For the last 100 years, ever since German chemists Fritz Haber and Carl Bosch figured out how to pluck fertilizer out of thin air with brute-force chemistry, farmers have relied on an imperfect product to make their plants grow: fertilizer. Production of the stuff burns through 3 percent of the world’s natural gas annually, releases tons of carbon into the atmosphere, and runs off into rivers and streams and aquifers. Relying on fossil fuels to grow food was never exactly sustainable.
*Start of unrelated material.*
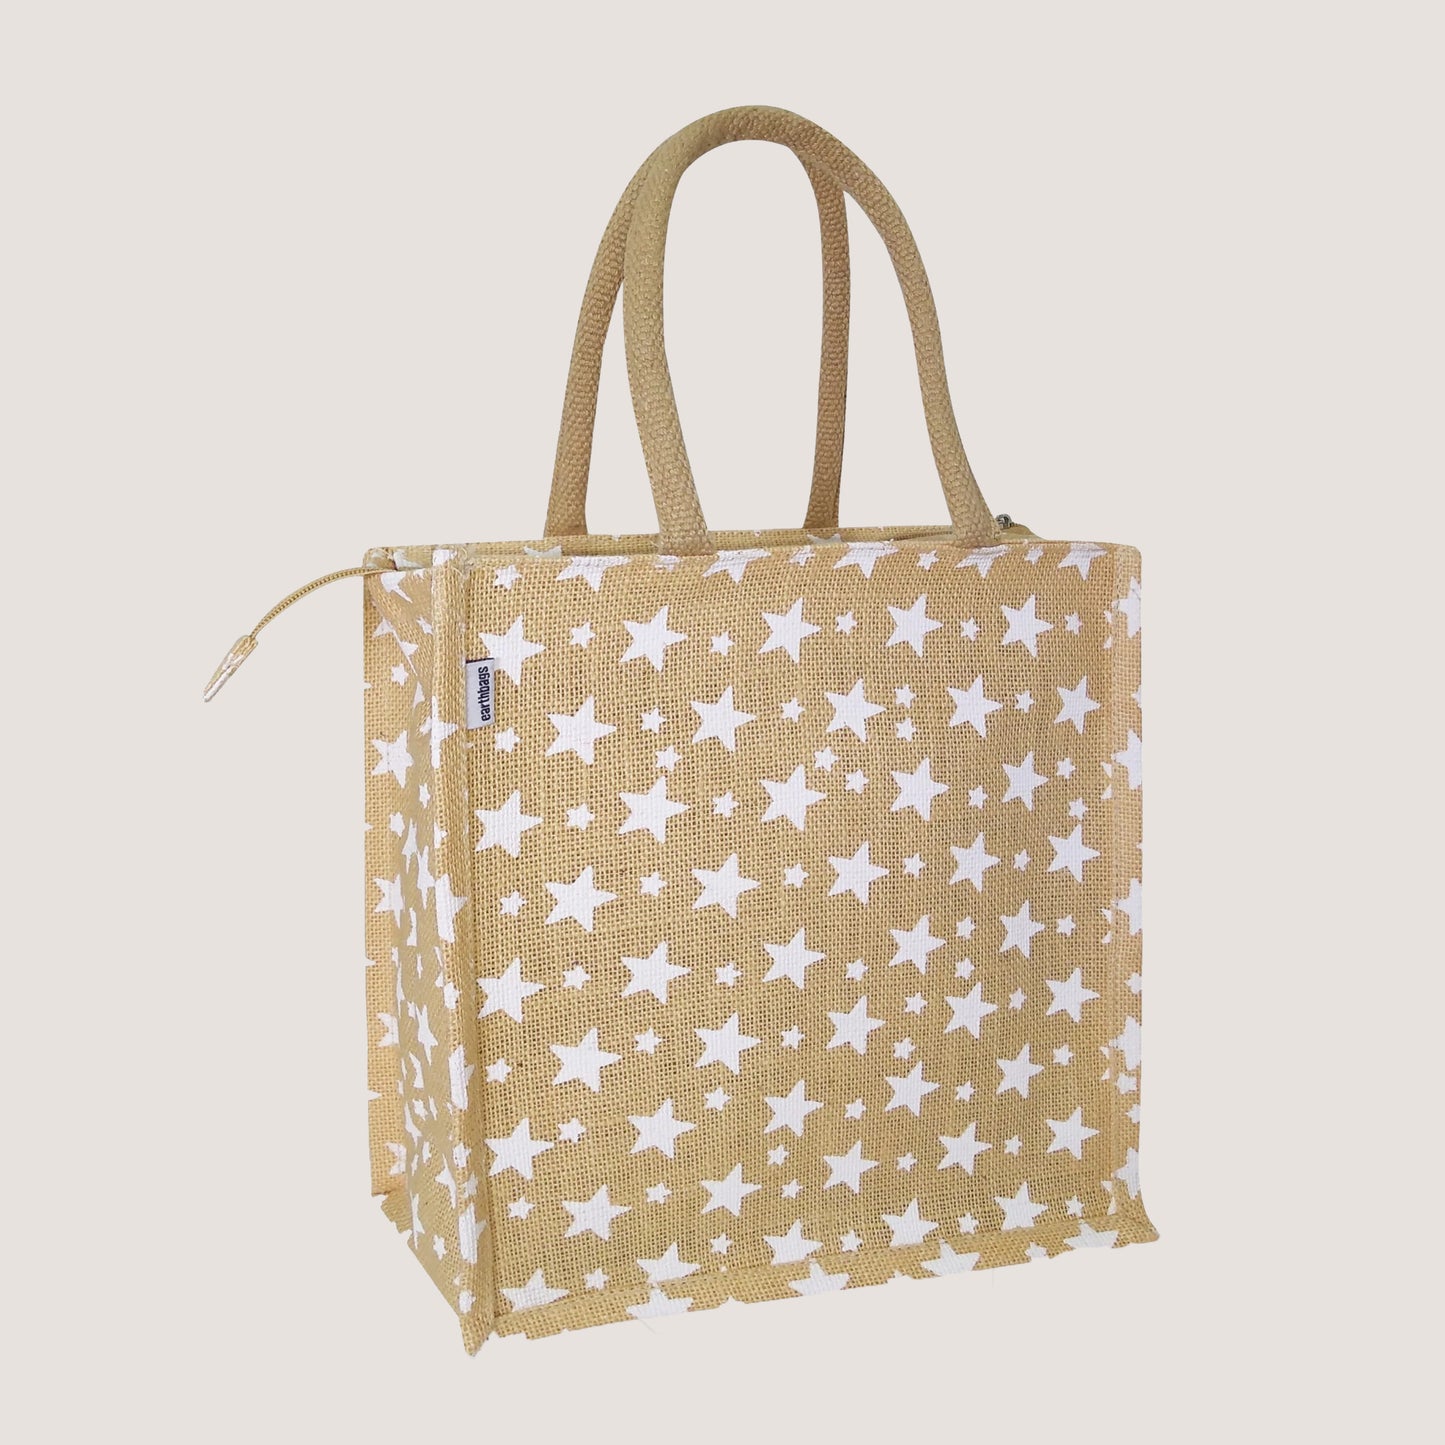 EARTHBAGS STAR PRINTED JUTE LUNCH BAG WITH ZIPPER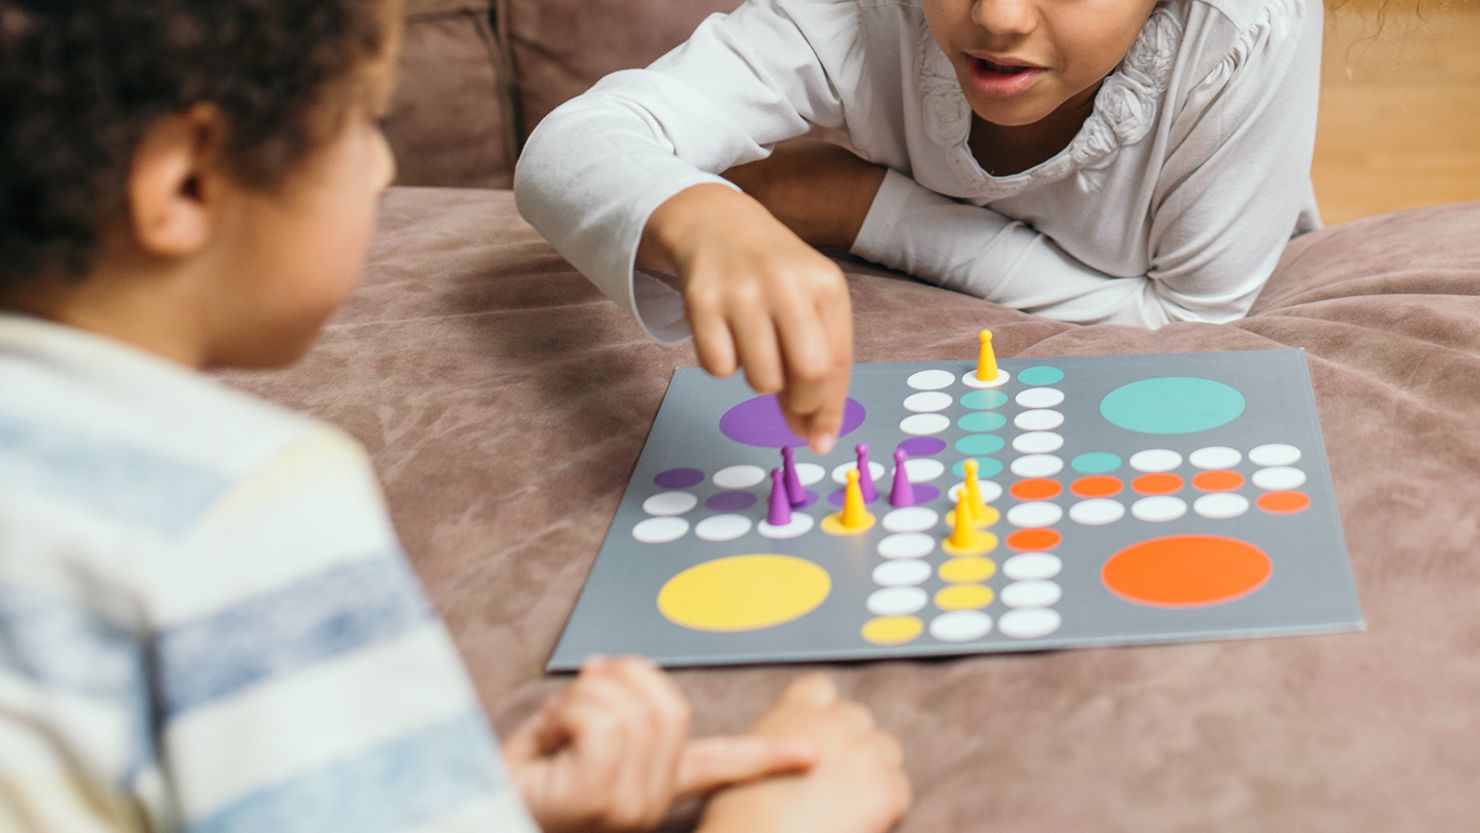 Legends of Learning, Math & Science Games For Teachers, Students, and  Families

But as the world thinks about what it will take to feed 9 billion people in a rapidly changing climate, it’s become unconscionable.
One solution would be for everyone to start eating a lot more legumes.
Peanuts, peas, and many types of beans are climate-friendly because they basically make their own fertilizer. They play host to a special class of microbes called nitrogen fixers that invade the root hairs of their host plants, forming knobby nodes and converting free nitrogen in the soil to ammonia. That's the stuff plants need to make food for themselves via photosynthesis. Most of the world’s biggest food crops—corn, wheat, rice—aren’t so hospitable to nitrogen-fixers. Which is why they require so much artificial fertilizer to grow.
Or, you could engineer a host of microbes that have all the nitrogen-fixing power of the peanut’s follicular friends, but with the ability to colonize the roots of any plant. Then you could paint that bacteria onto shelf-stable seeds and ship them anywhere in the world. That’s what a new startup, boasting the largest seed investment of any ag tech company so far this year, plans to do. On Thursday, German biochem giant Bayer announced it was joining forces with Ginkgo Bioworks, a Boston-based synthetic biology shop, to create a new venture to wean the world off fertilizers.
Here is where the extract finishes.